* What you need to do *
A word-for-word copy of the lines below, starting at the line with "Highest Paying Jobs" and ending at the last one, is what you should give. Omit every picture.
(Given data)
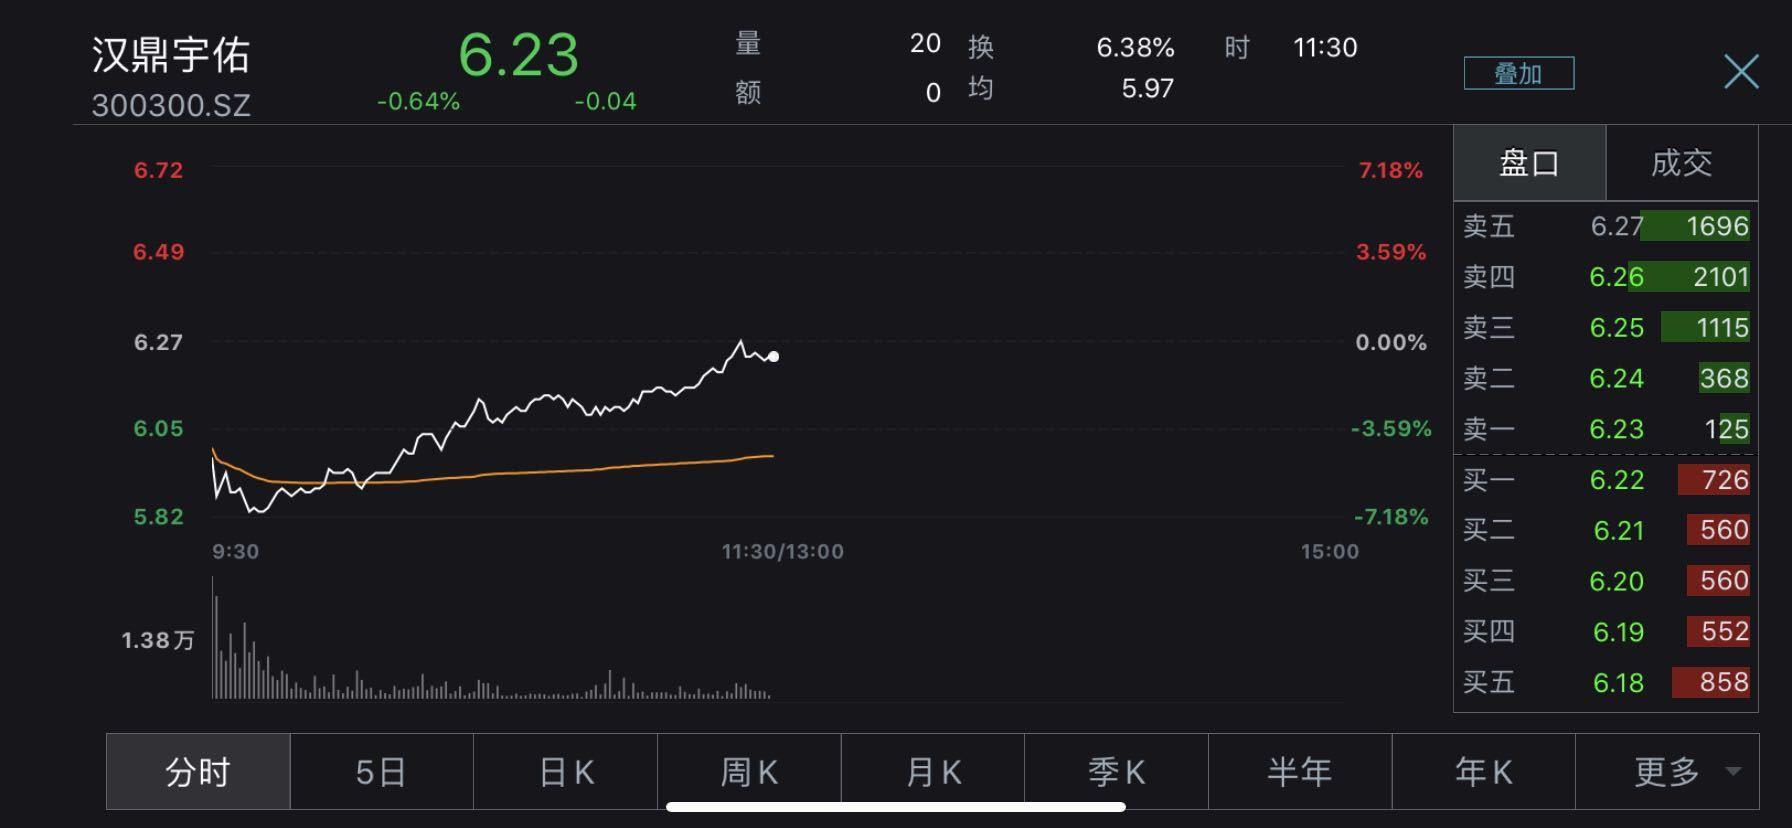 微贷网被查背后:80后创始人曾登胡润富豪榜 自称不善言辞
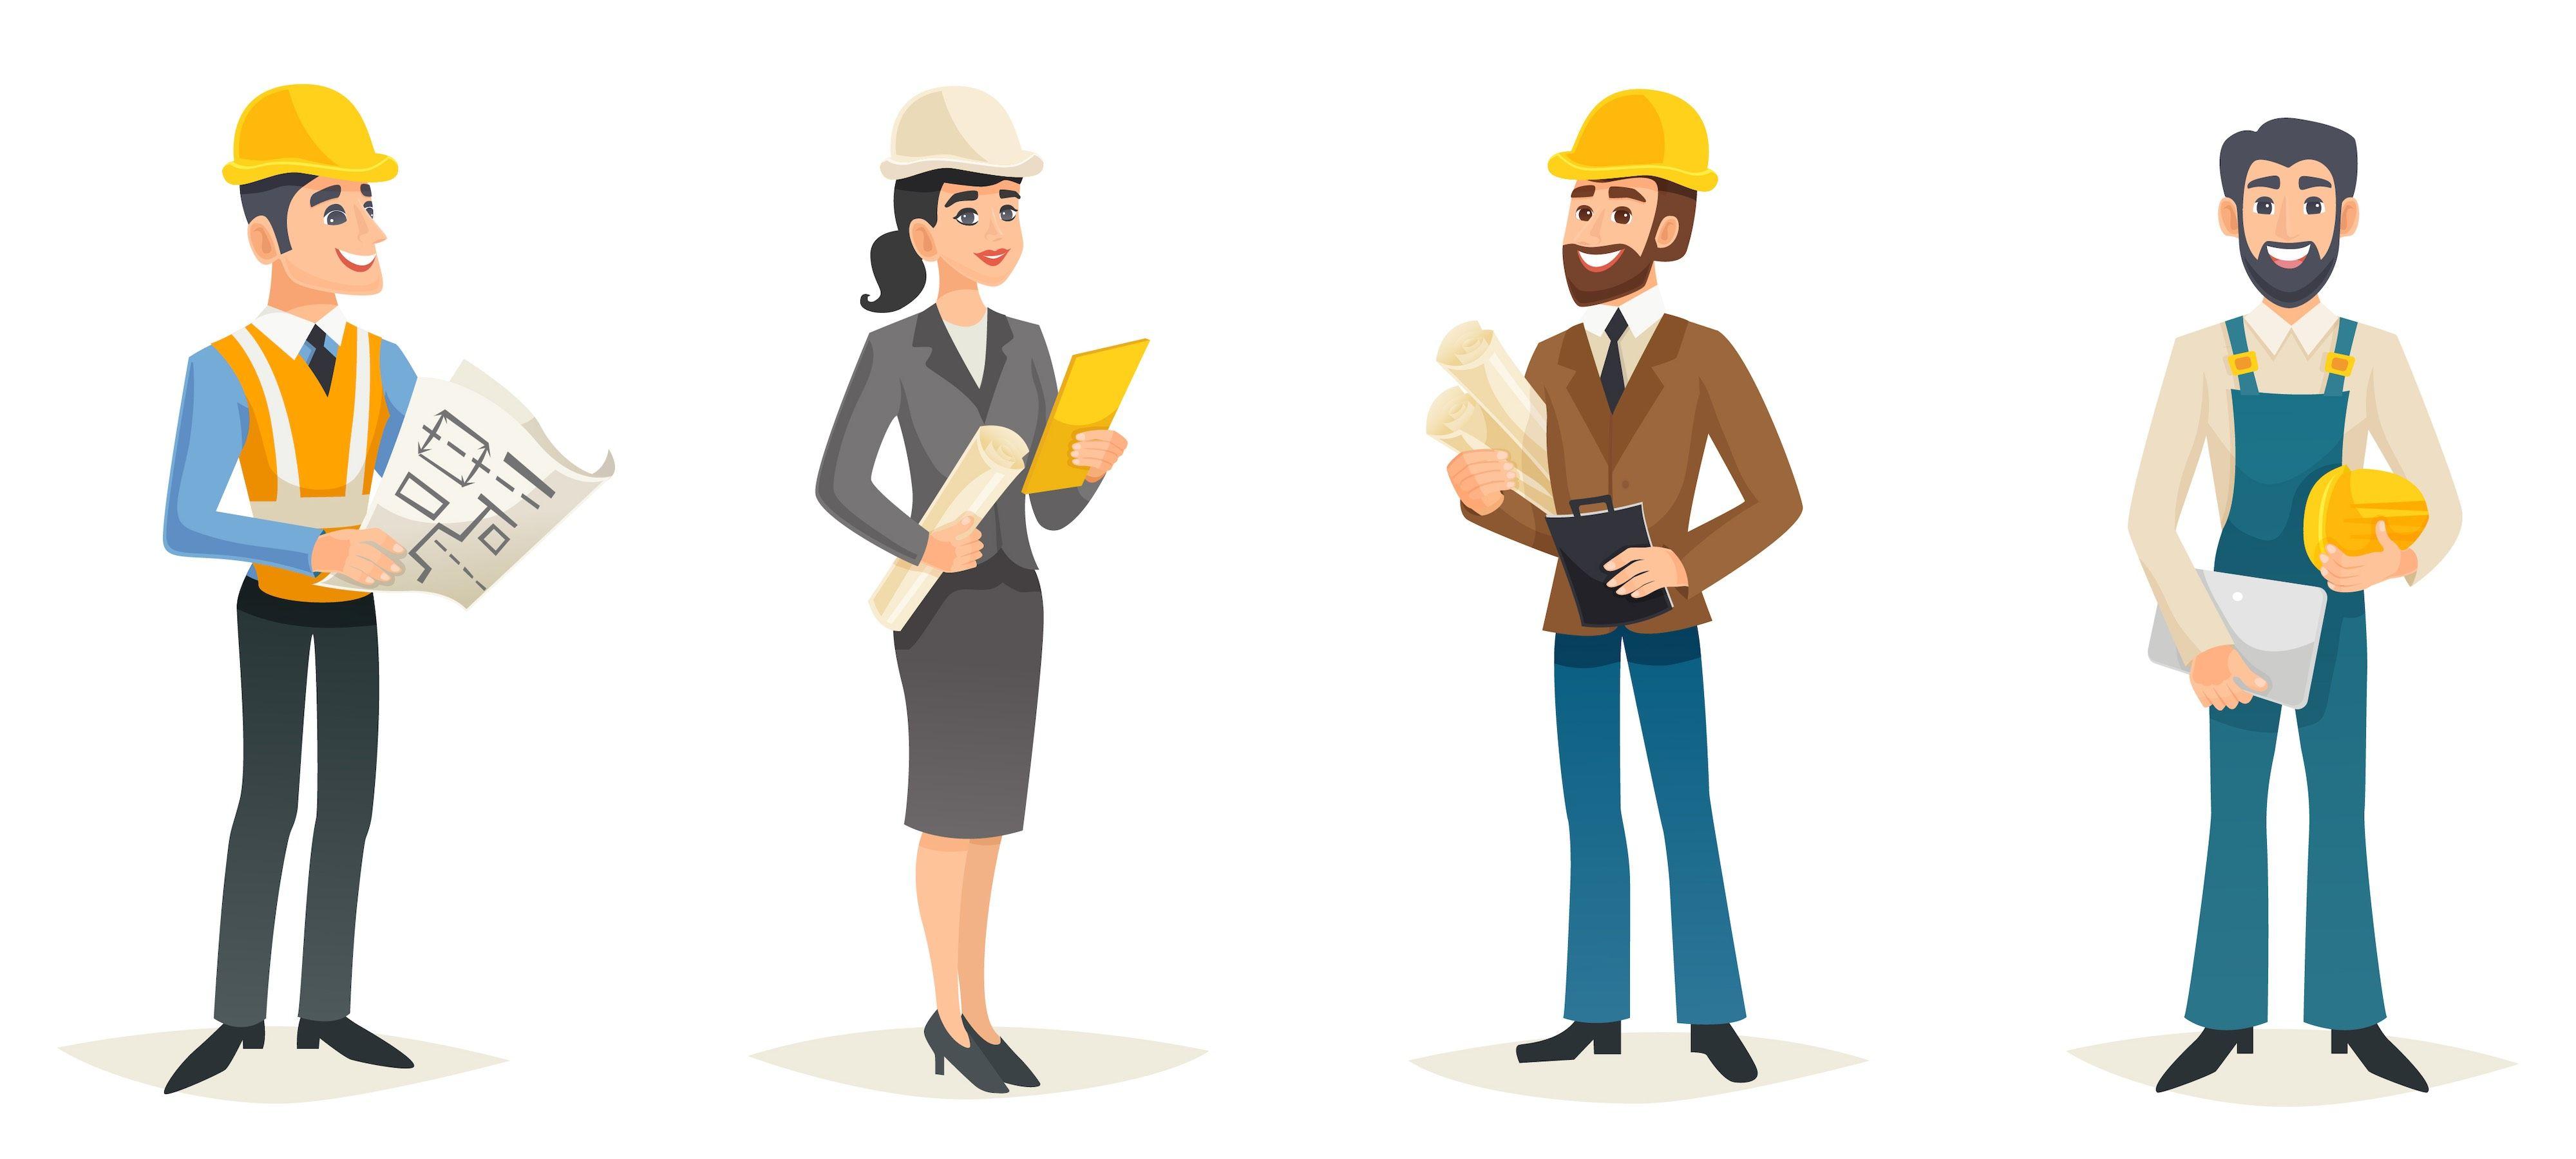 Highest Paying Jobs after B.tech Engineer cartoon
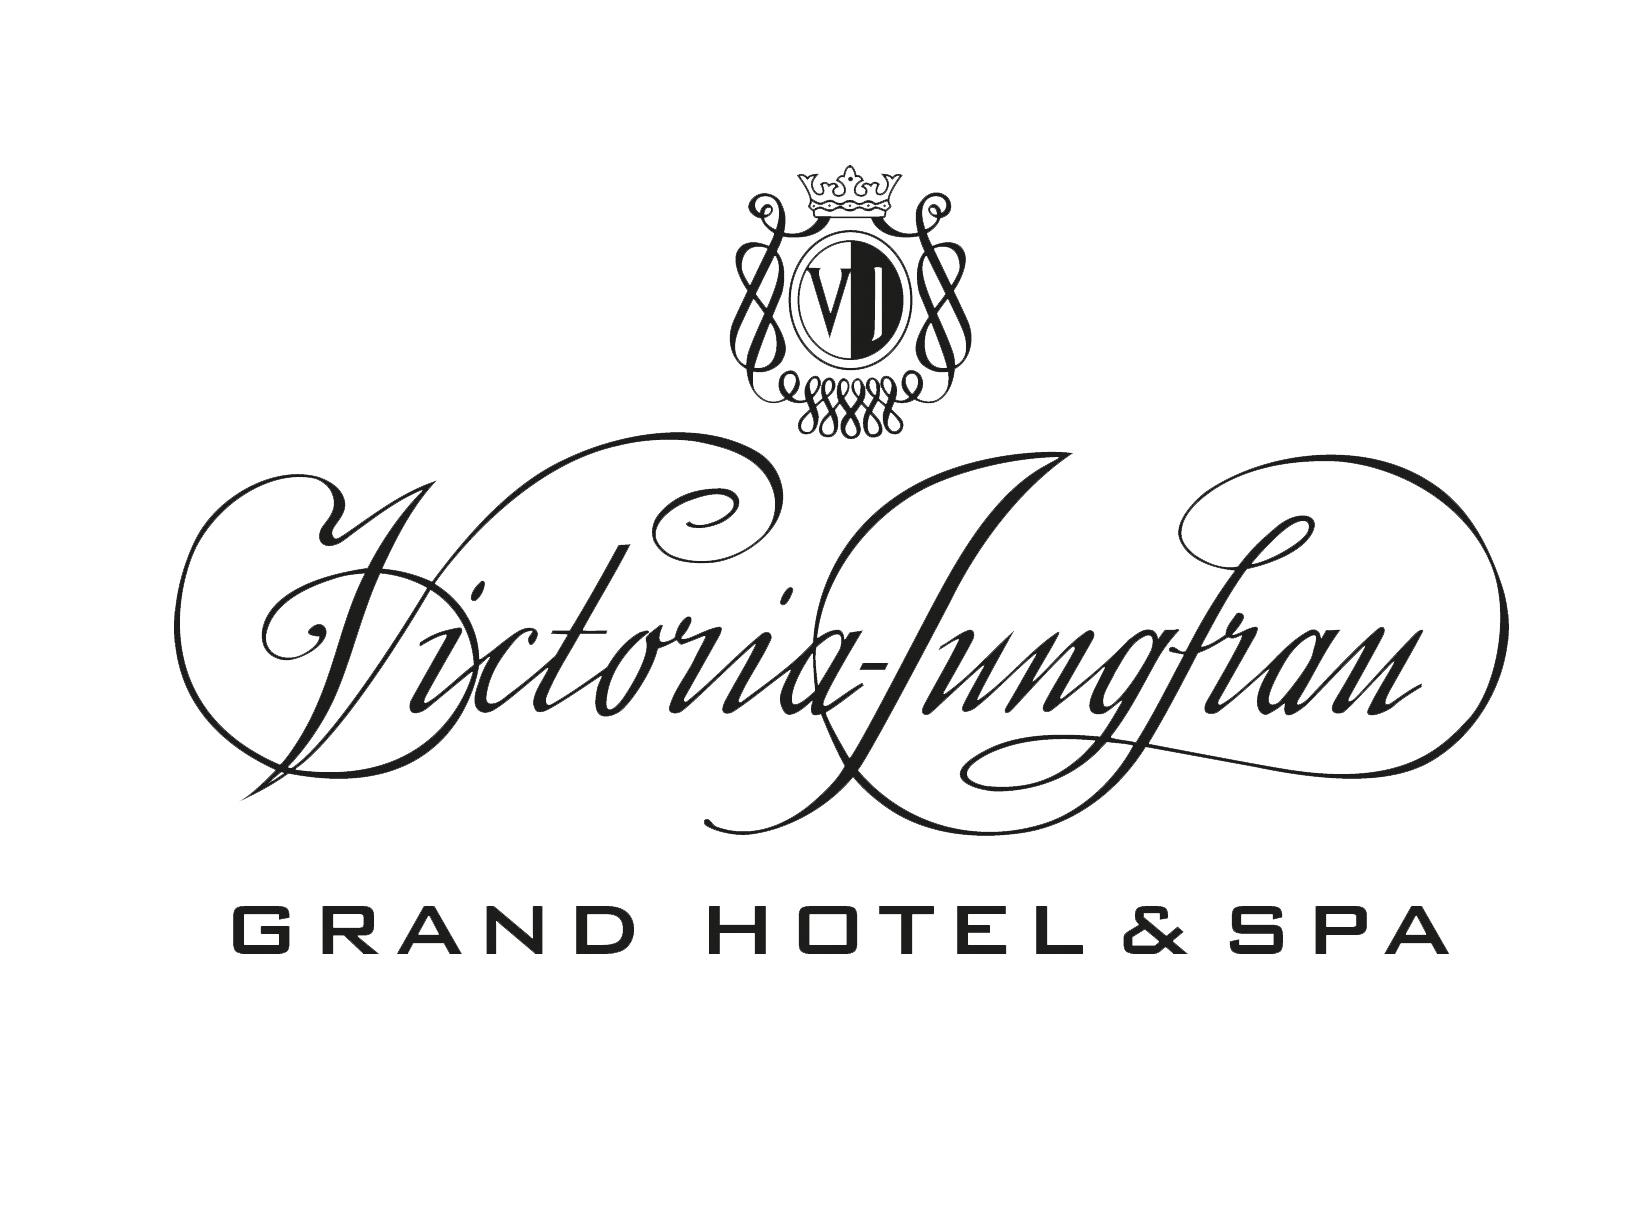 Victoria-Jungfrau Grand Hotel logo
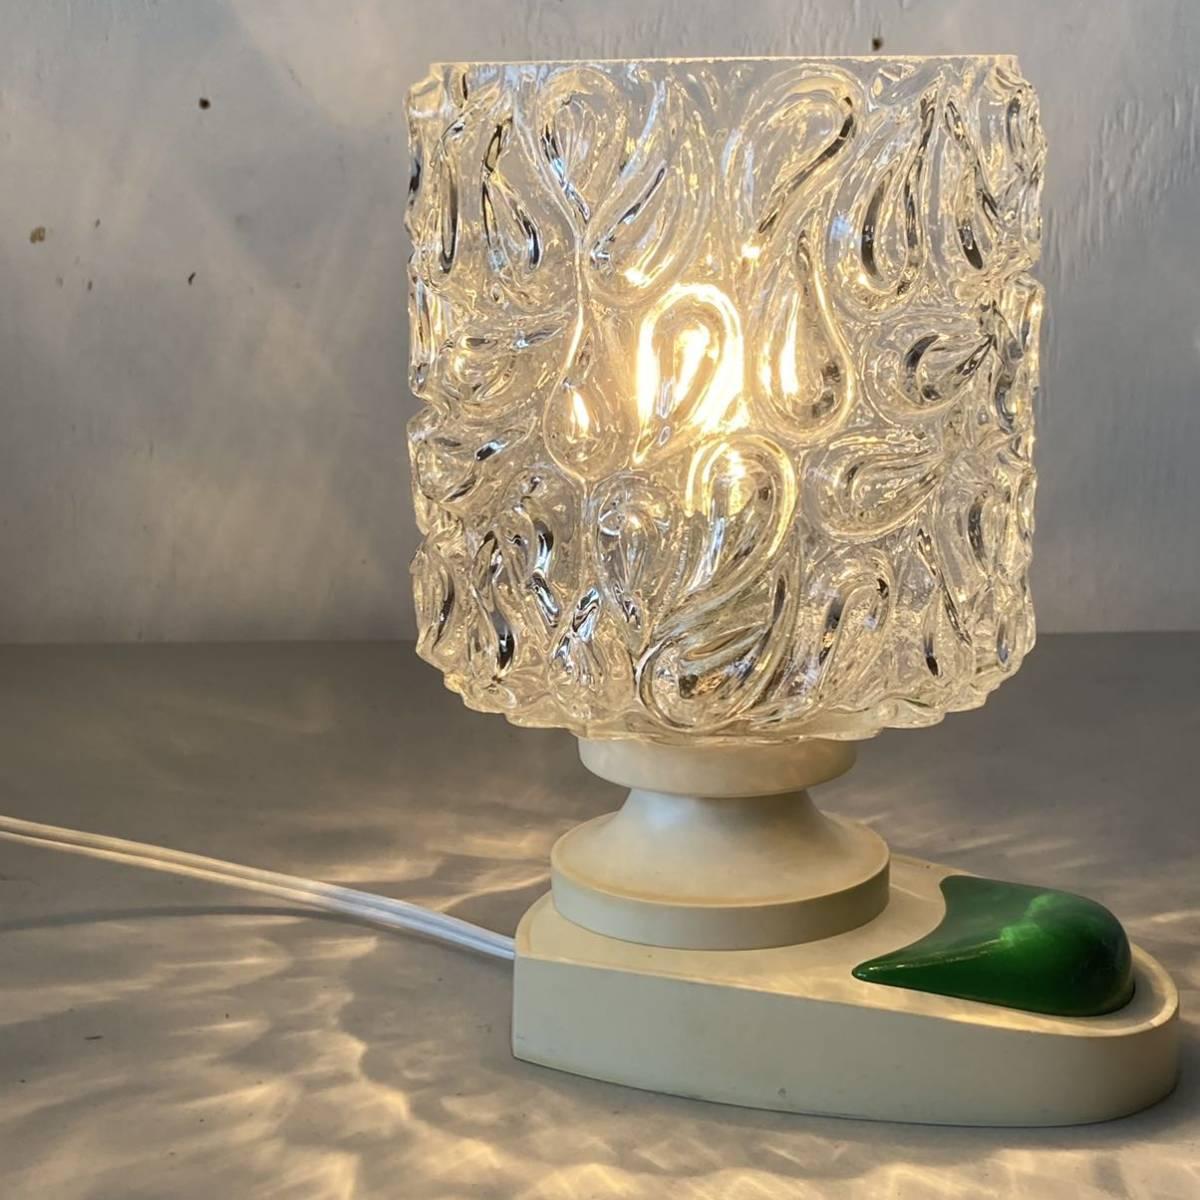 ドイツ70's ヴィンテージ ガラス シェード テーブルランプ ベッドサイド レトロ スペースエイジ インテリア_画像3
(End Given data)
* Completed exercise *
 Highest Paying Jobs after B.tech Engineer cartoon
 Victoria-Jungfrau Grand Hotel logo
 ドイツ70's ヴィンテージ ガラス シェード テーブルランプ ベッドサイド レトロ スペースエイジ インテリア_画像3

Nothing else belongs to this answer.